Трампер передернул плечами, вспомнив короткое письмо отца, которое он разорвал на мелкие кусочки и бросил Бесстрашной Мыши:

* * *

«Сын!

Я очень серьезно все обдумал, и первым делом должен заявить тебе, что я самым решительным образом не одобряю твоего нынешнего поведения, как в смысле личной жизни, так и карьеры.

То, что я решил одолжить тебе денег, категорически расходится со всеми моими принципами. Уясни себе: это не подарок. Прилагаемый мною чек на $5000 должен помочь тебе снова стать на ноги. Я не буду столь бесчеловечным и не стану называть определенный процент или точную дату возврата. Достаточно сказать, что я надеюсь, что ты сочтешь себя ответственным за эти деньги передо мной и что ты воспримешь эту ответственность со всей серьезностью, которой так недостает тебе в последнее время».

* * *

Богус также вспомнил, что он не порвал чек и не бросил его в подвал.

На следующее утро Трампер медленно доковылял до банка на своих распухших ногах. Совершенные им сделки этого дня включали в себя следующее: получение депозита на пять тысяч долларов (что вызвало персональное поздравление президента банка Шамвэя); двадцатиминутное ожидание в приемной президента Шамвэя, который был теперь сама любезность, пока банк оформлял ему новую чековую книжку (старая осталась дома с Бигги); получение трехсот долларов наличными; кража четырнадцати спичечных коробков из маленькой корзинки со стойки возле окошечка банковского кассира («Я собираюсь ограбить вас», — прошептал он ошарашенному кассиру, затем схватил спички).
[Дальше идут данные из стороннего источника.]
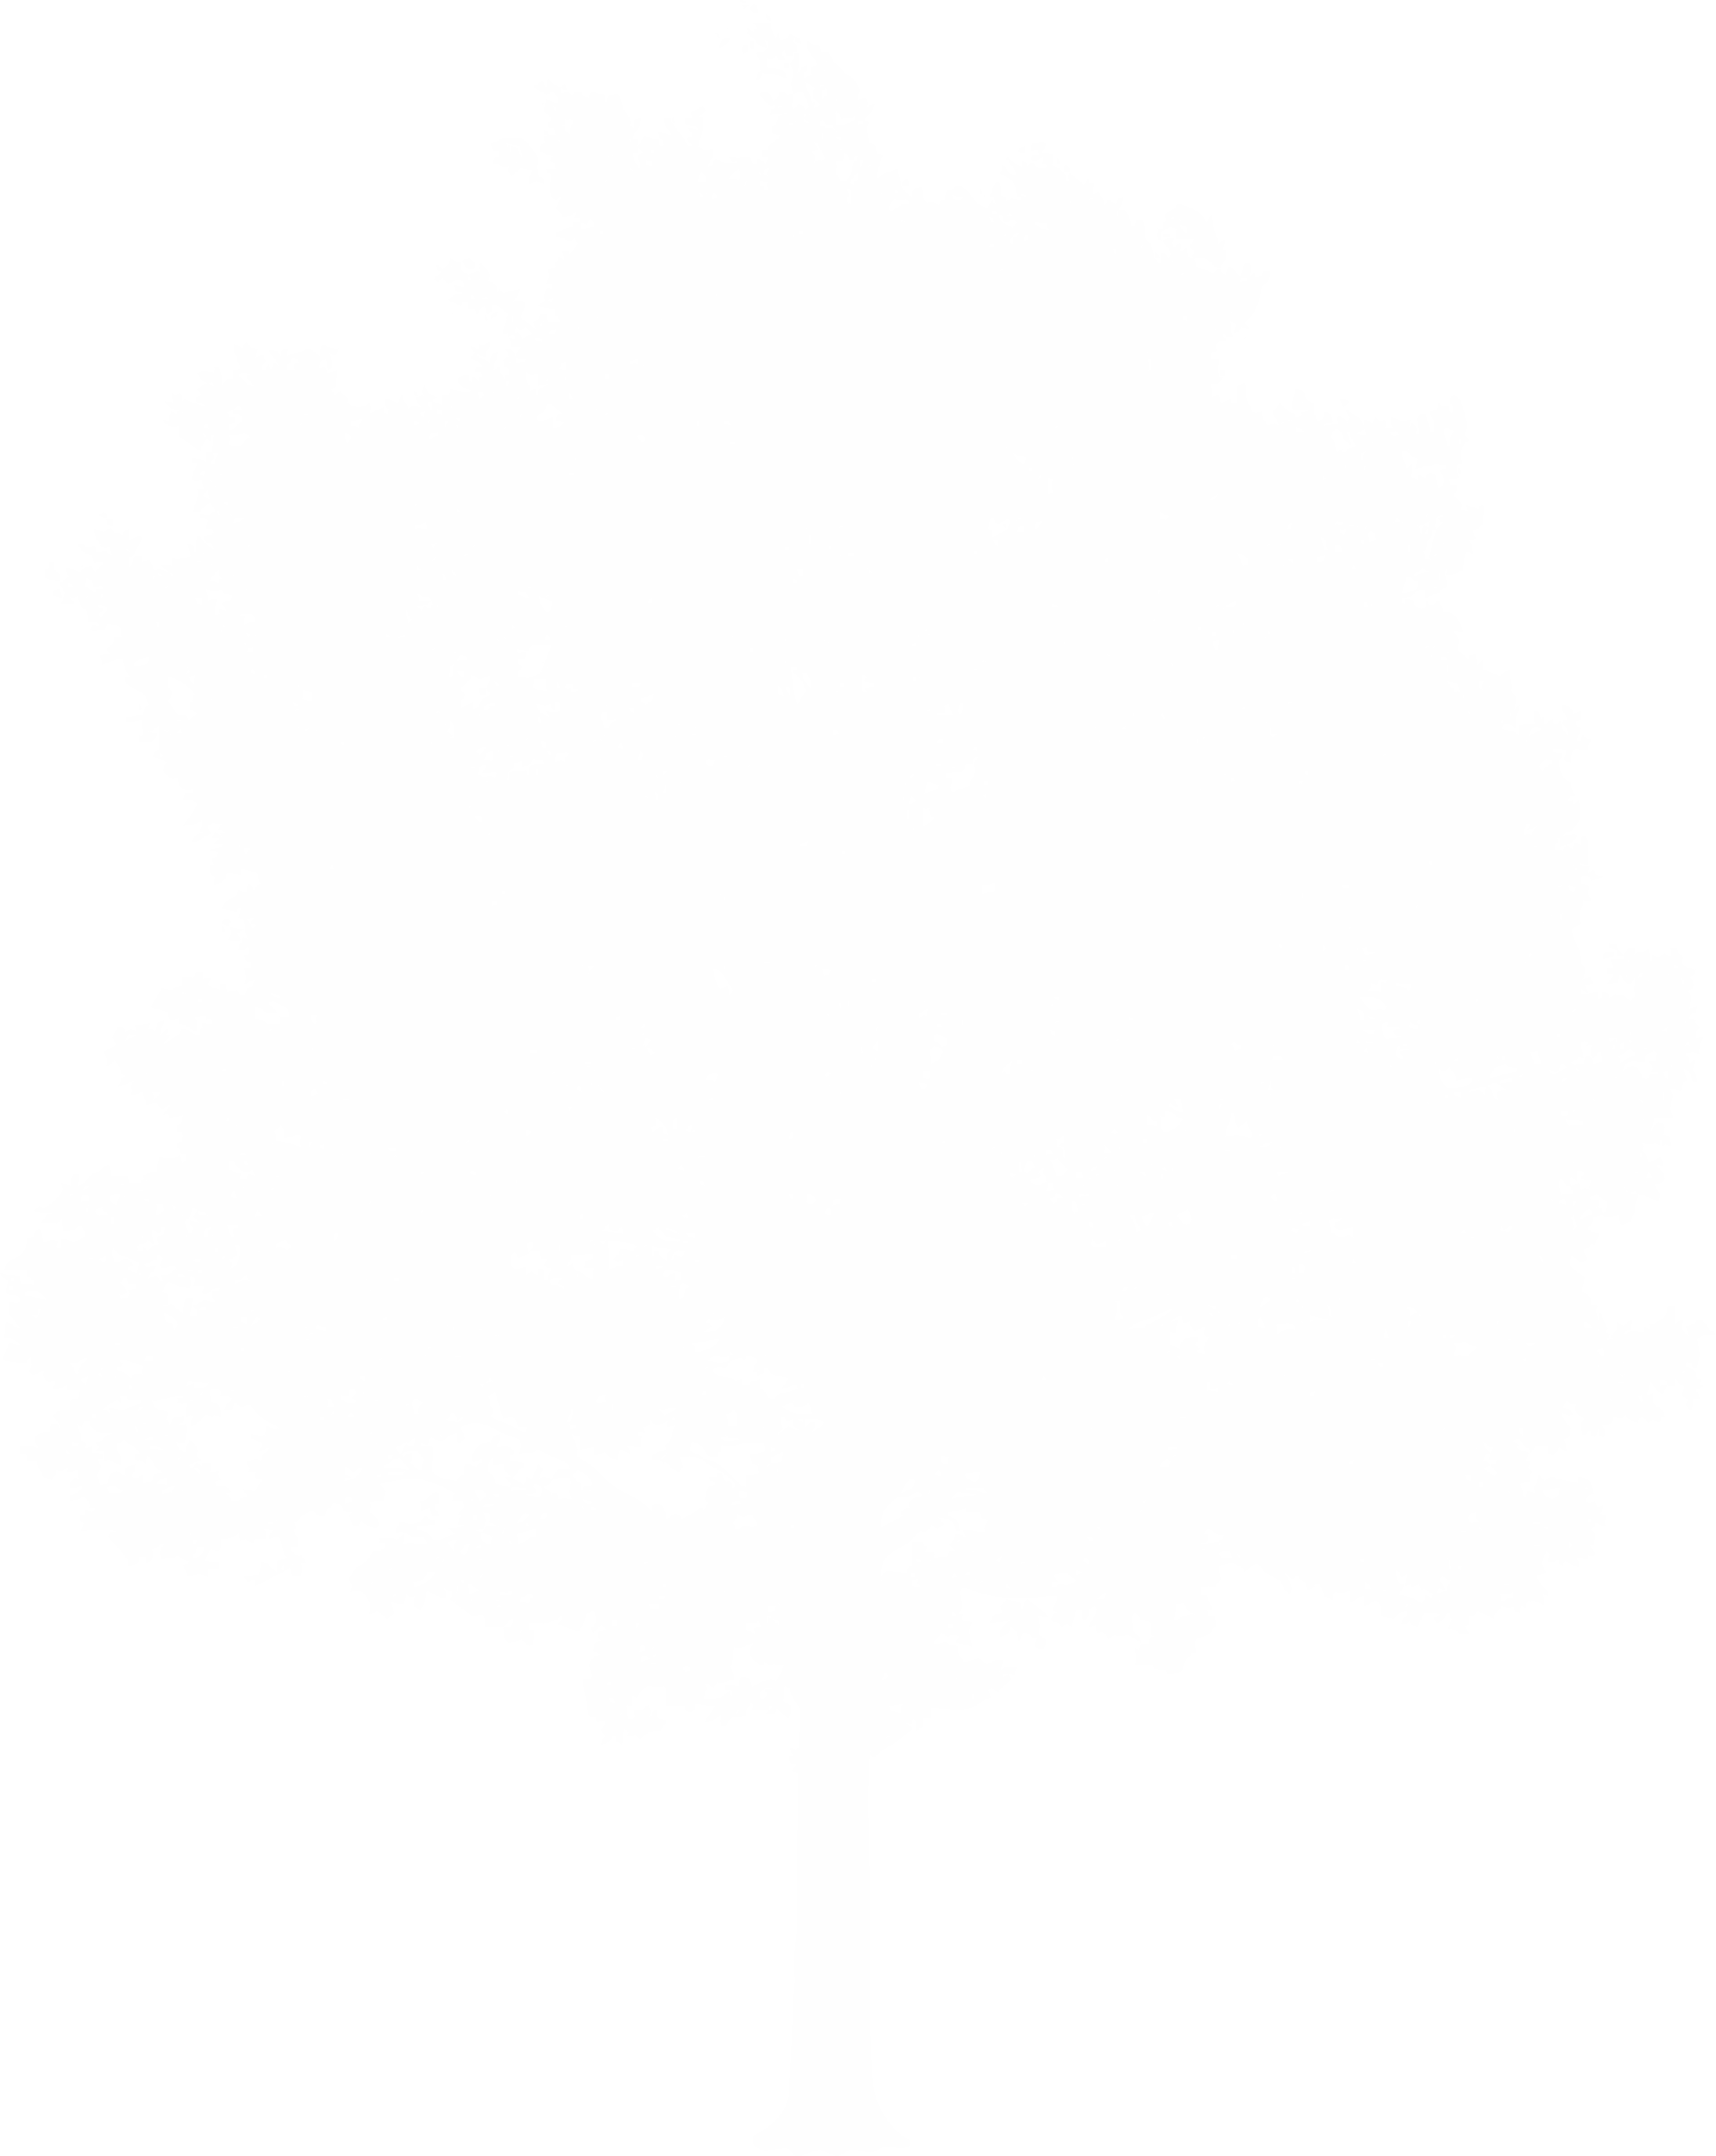 Tree - Pashtunkhwa milli awami party electoral symbol

Трампер доковылял до почтового отделения и выписал чеки следующим адресатам:

«Хамбл ойл & рефайнинг компани»

«Синклер рефайнинг компани»

«Айова-Иллинойс газ & электрик»

«Сантехнические услуги Кротца»

«Нортуэстерн телефон белл компани»

Мило Кубик («Пиполс-Маркет»)

«Сиарс, Роебук & К°»

Отделение финансовой помощи,

Государственный университет Айова

«Кредит юнион»

«Шайв & Хупп»

Агентство «Аддисон & Халсей коллекшин»

Кутберт Беннетт

Международное бюро путешествий Джефферсона

Недоставало лишь чека на несколько тысяч долларов, взятых у Национального защитного займа — правительственных денег на обучение, которые, как он полагал, должны были идти от американского департамента здравоохранения, образования и социального обеспечения. Вместо чека он отослал в департамент здравоохранения, образования и социального обеспечения короткое письмо, в котором объявил себя «нежелающим и неспособным оплатить свой долг по причине получения незаконченного образования». Затем он вернулся в «Бенни», надрался до чертиков и яростно резался в пинбол, пока Бенни не позвонил Пакеру, чтобы тот пришел и забрал его.

От Ральфа Богус позвонил на почту и продиктовал телеграмму, которую хотел послать:


«Герру Мерриллу Овертарфу

Швиндгассе 152,

Вена 4, Австрия


Меррилл, я еду.


Боггли».


— Кто такой Меррилл? — спросил Ральф Пакер. — И кто такой Боггли?

Трампер не слыхал об Овертарфе с тех пор, как был в Европе с Бигги больше четырех лет тому назад. Если бы Ральф знал об этом или хоть догадывался, то он, скорее всего, попытался бы остановить Трампера. Задним числом, позже, Богусу пришло на ум, что, вероятно, Ральф имел определенные виды на остававшуюся в одиночестве Бигги.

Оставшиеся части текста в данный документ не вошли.